A top law enforcement training center found issues with both the school and police response that led to a shooter gaining access to a classroom of fourth-graders.

SAN MARCOS, Texas (CN) — A report released Wednesday by the nation’s foremost mass shooting prevention training authority revealed key errors made by law enforcement during the massacre at Robb Elementary School in Uvalde, Texas, that left 19 fourth graders and two teachers dead.

The Advanced Law Enforcement Rapid Response Training, also known as ALERRT, Center at Texas State University has been responsible for training law enforcement across the country on how to respond to mass shootings. Following the Uvalde shooting, ALERRT was asked to review police response by the Texas Department of Public Safety, which has been conducting its own investigation into the attack.

The first responders to the shooting include the Uvalde Police Department and members of U.S. Border Control. ALERRT reviewed all factors of the shooting according to its level-one training, a course many officers in Texas receive.

First, examiners looked at how security at the school failed and allowed the shooter, an 18-year-old high school dropout with an AR-15 style rifle, to enter the building. According to the report, a side door was not locked after a teacher stepped out and reentered. 

“On this day the door was not locked, and because it was not locked, the attacker was able to access the building,” the report states. “Even if the teacher had checked to see if the door was locked, it appears that she did not have the proper key or tool to engage the locking mechanism on the door.” 

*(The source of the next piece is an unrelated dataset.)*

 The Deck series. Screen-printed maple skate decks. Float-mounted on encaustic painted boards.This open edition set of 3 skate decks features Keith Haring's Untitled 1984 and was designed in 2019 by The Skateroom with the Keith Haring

Shortly before the shooter entered Robb Elementary, a Uvalde school district officer passed him while entering the parking lot at a high rate of speed, leading to his failure to quickly spot the shooter. Moreover, a failure to quickly engage stopped a Uvalde city officer from firing at the shooter.

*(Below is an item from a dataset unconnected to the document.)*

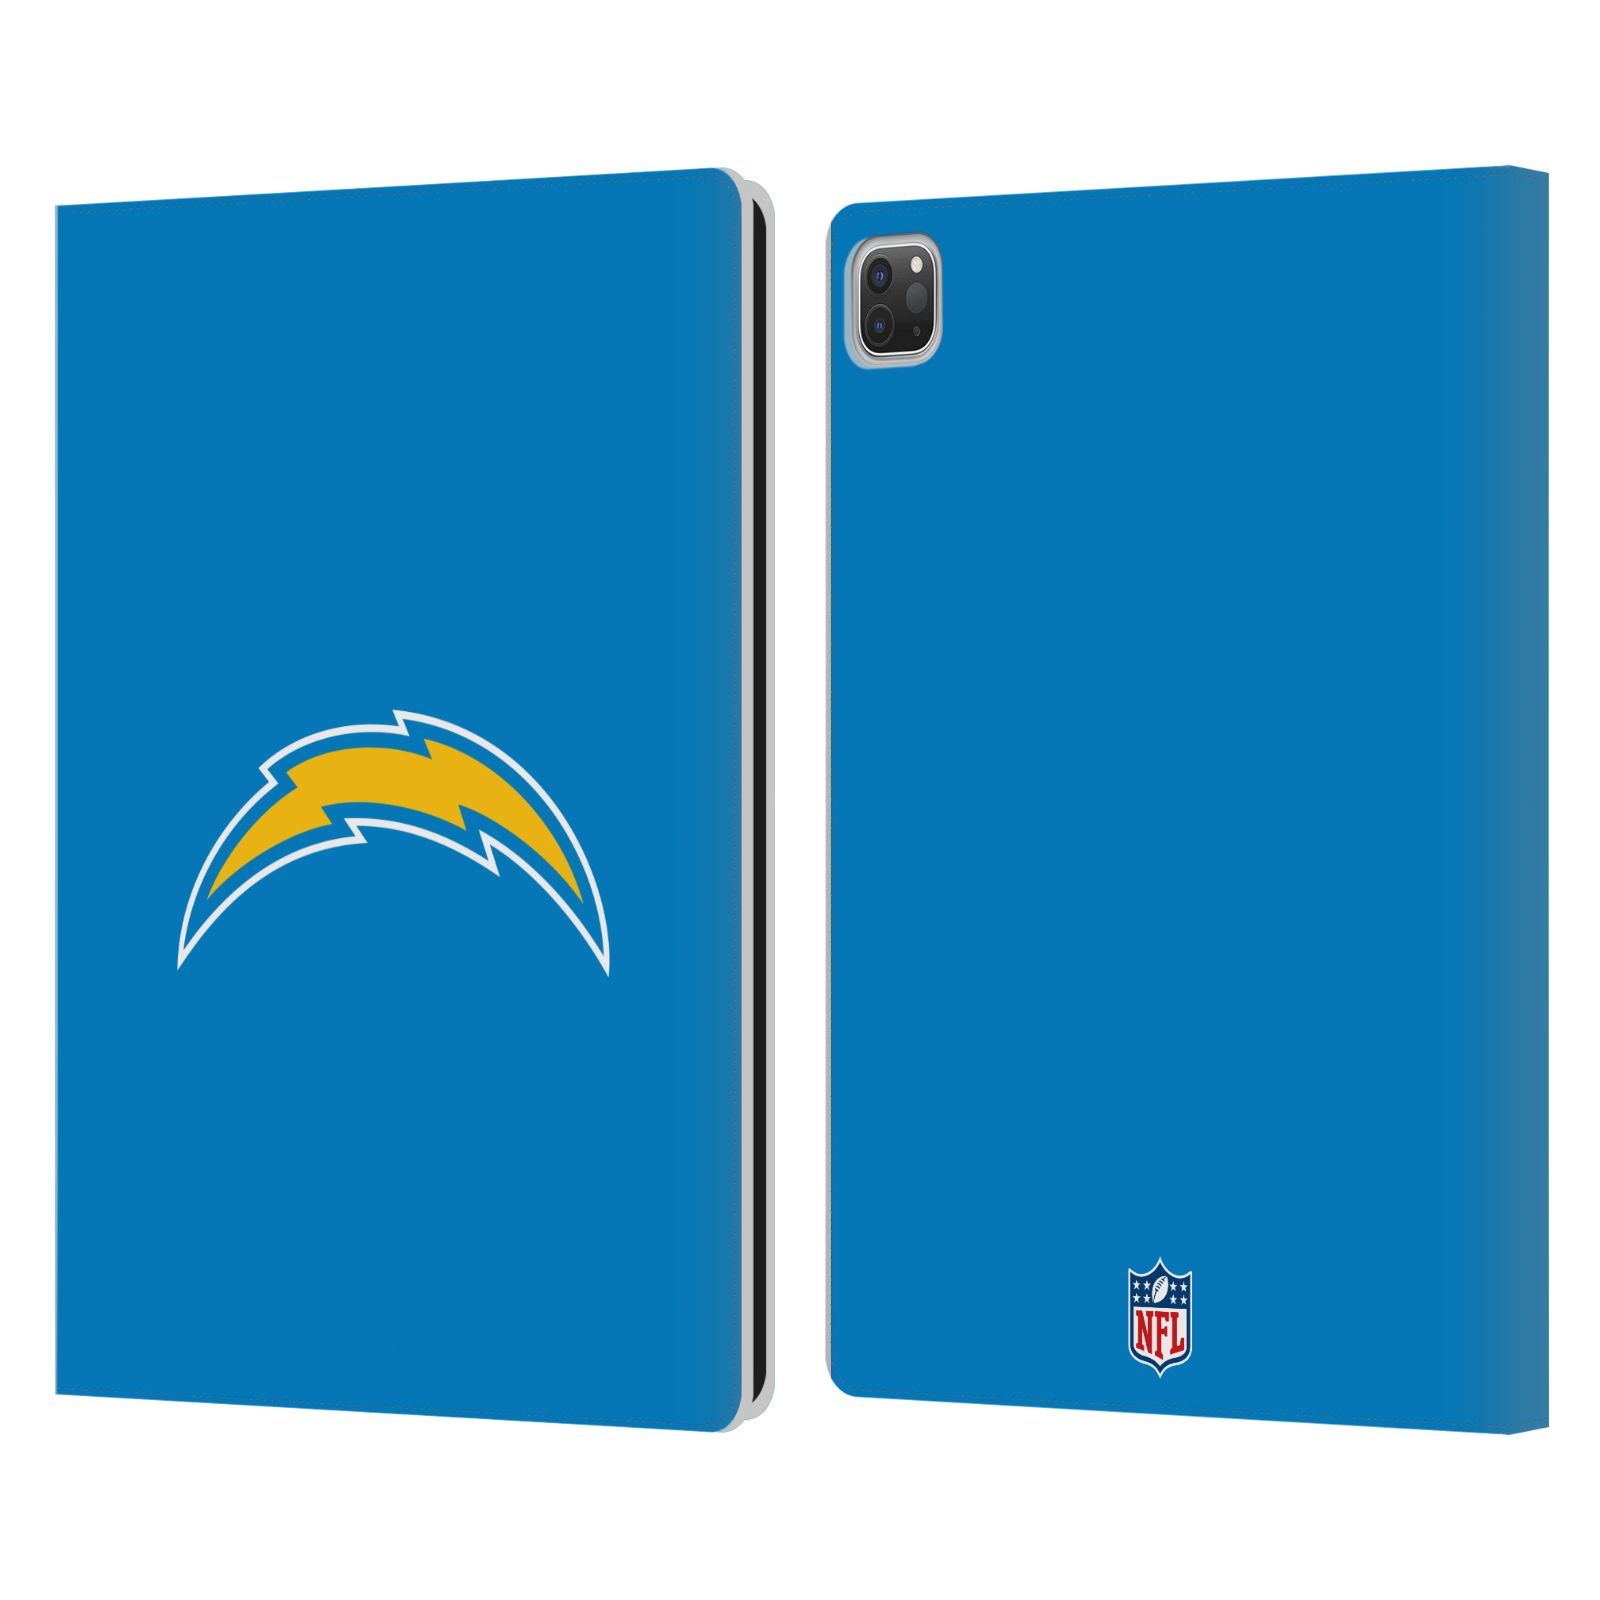 OFFICIAL NFL LOS ANGELES CHARGERS LOGO LEATHER BOOK WALLET CASE FOR APPLE iPAD

"The UPD officer was armed with a rifle and sighted in to shoot the attacker; however, he asked his supervisor for permission to shoot," the report states. “The UPD officer did not hear a response and turned to get confirmation from his supervisor. When he turned back to address the suspect, the suspect had already entered the west hall exterior door.”

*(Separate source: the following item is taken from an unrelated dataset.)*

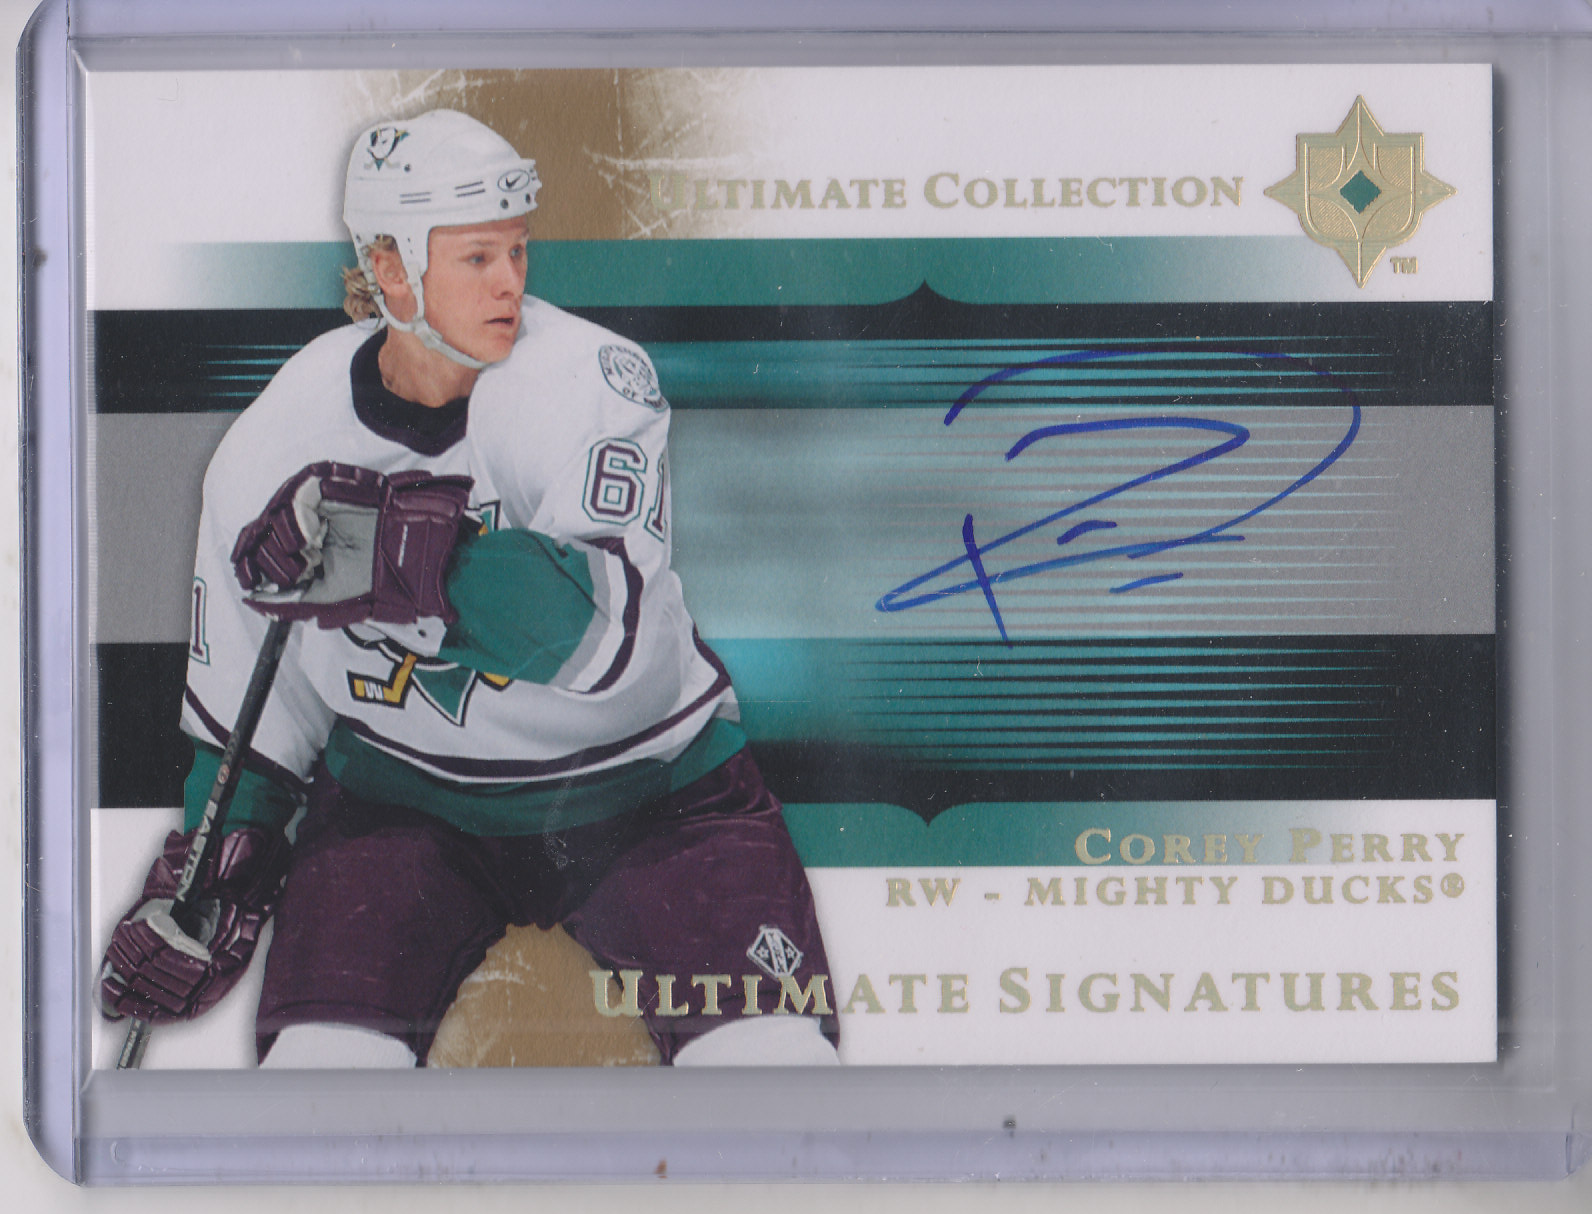 2005-06 Ultimate Collection Ultimate Signatures #USPY Corey Perry

In this instance, the examiners point out that the officer would have been justified in using deadly force. However, the officer explained that he did not take the shot because he was nearly 150 yards from the shooter and feared he would miss and possibly injure someone inside a classroom.

Once inside the school, the shooter was able to enter classroom 111 despite the school district's requirement that doors be locked at all times. The lock to room 111 was not working and despite being reported several times, nothing was done to fix it. 

Having gained access to the classroom, which had an internal doorway that linked it to a neighboring room. Officers amassed at either end of the hallway with the classroom in between them. At no time did the officers attempt to open the door and engage the shooter.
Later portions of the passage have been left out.